In the heat of summer 1997, Daimler Benz purchased Chrysler for $37 billion in a reported business merger of equals. Now, not quite 10 years later, DaimlerChrysler is selling Chrysler for a reported $7.4b for 80% of the firm. If the loss of $30b in business value is not bad enough, apparently the entire purchase price being paid by the buyer Cerberus will be placed into Chrysler and not retained by Daimler.

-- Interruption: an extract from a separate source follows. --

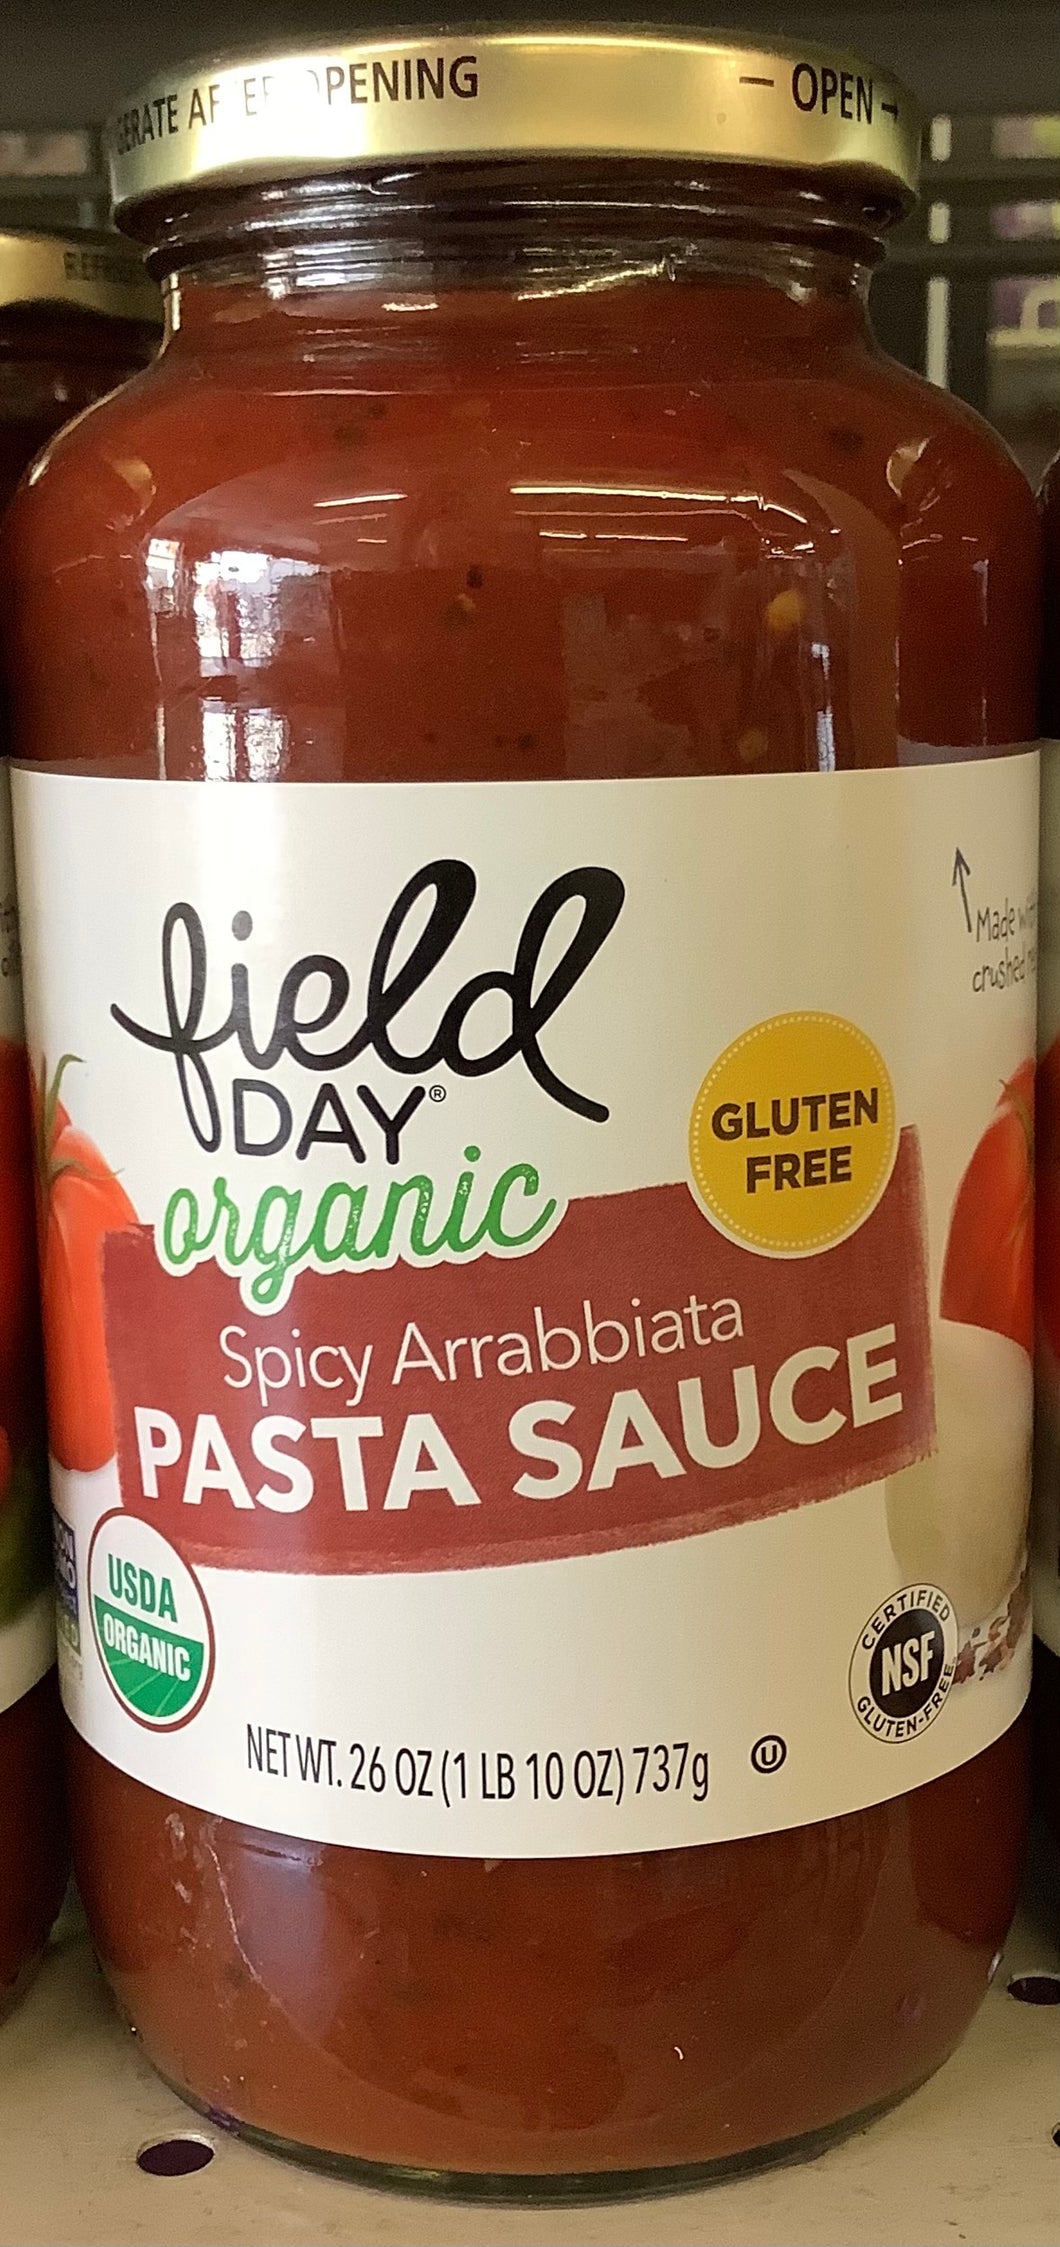 Pasta Sauce, Spicy Arrabbiata, Field Day, Organic

How did this happen and what lessons can you learn when planning the sale, merger, or valuation of your privately held business?

When Merging Or Selling A Business, it’s Business Profits, Not Sales Revenues

When Daimler purchased Chrysler, Chrysler was having record revenues of 61 Billion and net earnings of $2.8b. Revenues and profits were growing rapidly. Exciting new product lines were eagerly accepted by the market. The resulting projected cash flow would pay for the purchase.

Now, in 2007, Chrysler has revenues of $62b and a $1.5b loss with no projected growth and no current cash flow for financing. This proves one more time that cash flow is the basis of traditional companies' business value. To increase business value and business merger sales price, maximize your cash flow during the lead-up and sale period.

The Importance Of Business Cycles When Selling Or Merging

When Daimler bought Chrysler the auto industry as a whole was having record years. The three American automakers were selling cars like hotcakes. Costs had been brought down to where Chrysler was a low cost provider.

Compare that to the current industry weakness with reports of overcapacity, impending layoffs and inability to compete because of health care and retirement costs. Yes, the overall industry cycles do matter in the pricing of a business at the time of sale. Sell on the up-cycle. Up-cycles provide prospective purchasers with cash to buy your business and up-cycles provide your business with profits to sell.

Selling Period - Desperation Does Not Increase Price

When reports that Chrysler might be sold hit the street it was clear that Daimler was having a fire sale. Great for a buyer, but a very tough negotiating position for a seller. Don't wait until even the "business challenged" can tell you must sell. If you wait too long before you start the business sale or merger process the bottom feeders will win.

Maintain Your Core Strengths When Looking to Merge

When Daimler purchased Chrysler a new design center had been completed allowing Chrysler to bring cars on the market in three years or less. This allowed them to compete with stylish exciting cars. Daimler, in an effort to milk profits, did not bring out a new car for three years prior to 2006, destroying this design leadership position. People bought Chryslers because they were an affordable style, not because they lasted forever. So what was left when there were no new models?